Brother, please see this its best college for computer studies is DA-IICT please see its website, I am not allowed to post here links, you find this through google "Dhirubhai Ambani Institute of Computers"


you come here at Gandhinagar, its 20 kms from Ahmedabad, here this college is situated, it has got nice hostel and campus, best faculties and students.

If yu wish to know anything about india or any thing from me then contact me here maulik.hr[at]gmail[dot]com !!


----------



## thasariya (Jul 15, 2013)

kennyville said:


> Hi am from East Africa and wish to go for further studies (PhD) in Gujarat Unvrsty, their something wanna know, living cost in Ahmdbd, is university has a regural football team, does the universty own hostel, how good is the university in Computer sc field, is there any possibility of getting parttime job in other higher learning institution, if unvrsty doesnt owned hostel how had it is to get an apartment of one room and how much.
> if GU isn't a good place to study any suggested universty in Ahmedabad for Computer Sc (PhD)
> any valuable respondent would be highly appreciated


Yeah, Gujarat University is good for Computer Science as well as Ph.D which is situated at Ahmedabad.

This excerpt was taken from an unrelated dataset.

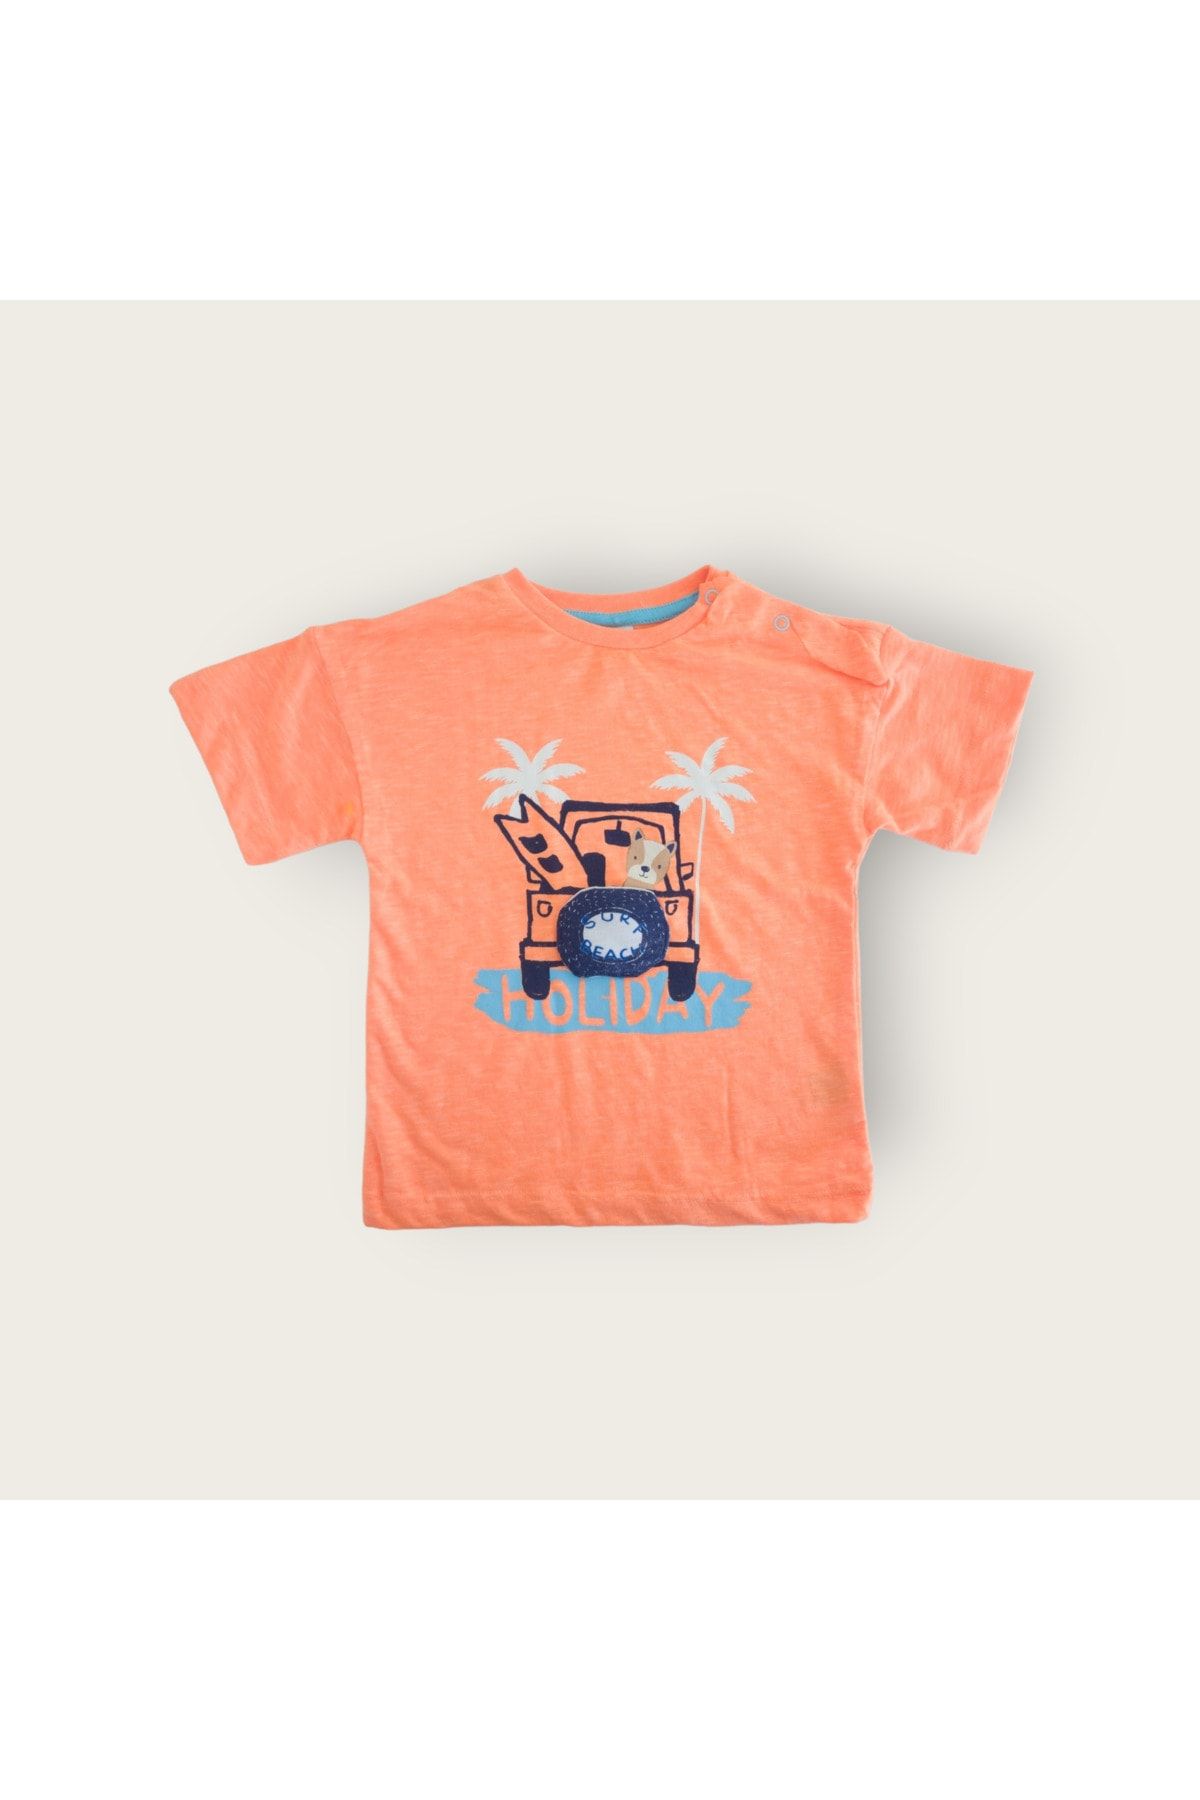 Tuffy Kids flamlı süprem kumaş erkek bebek neon oranj baskılı t-shirt

Hostel facility is available in the University as well as good life out there. There are various sports team there. Better to check particular college's prospectus or department's prospectus for further information.


----------



## ali395 (Aug 2, 2013)

kennyville said:


> Hi am from East Africa and wish to go for further studies (PhD) in Gujarat Unvrsty, their something wanna know, living cost in Ahmdbd, is university has a regural football team, does the universty own hostel, how good is the university in Computer sc field, is there any possibility of getting parttime job in other higher learning institution, if unvrsty doesnt owned hostel how had it is to get an apartment of one room and how much.
> if GU isn't a good place to study any suggested universty in Ahmedabad for Computer Sc (PhD)
> any valuable respondent would be highly appreciated[/QUOT
> I suggest u find university ranking before admission and apply only good government university called central university ...u can get hostel ....every thing very less money ....and try to come in metro city like delhi .mumbai.pune .banglore


----------



## kennyville (Dec 1, 2012)

thanx Mr. Ali395 yor contribution to me is highly apreciated, thanx once again


----------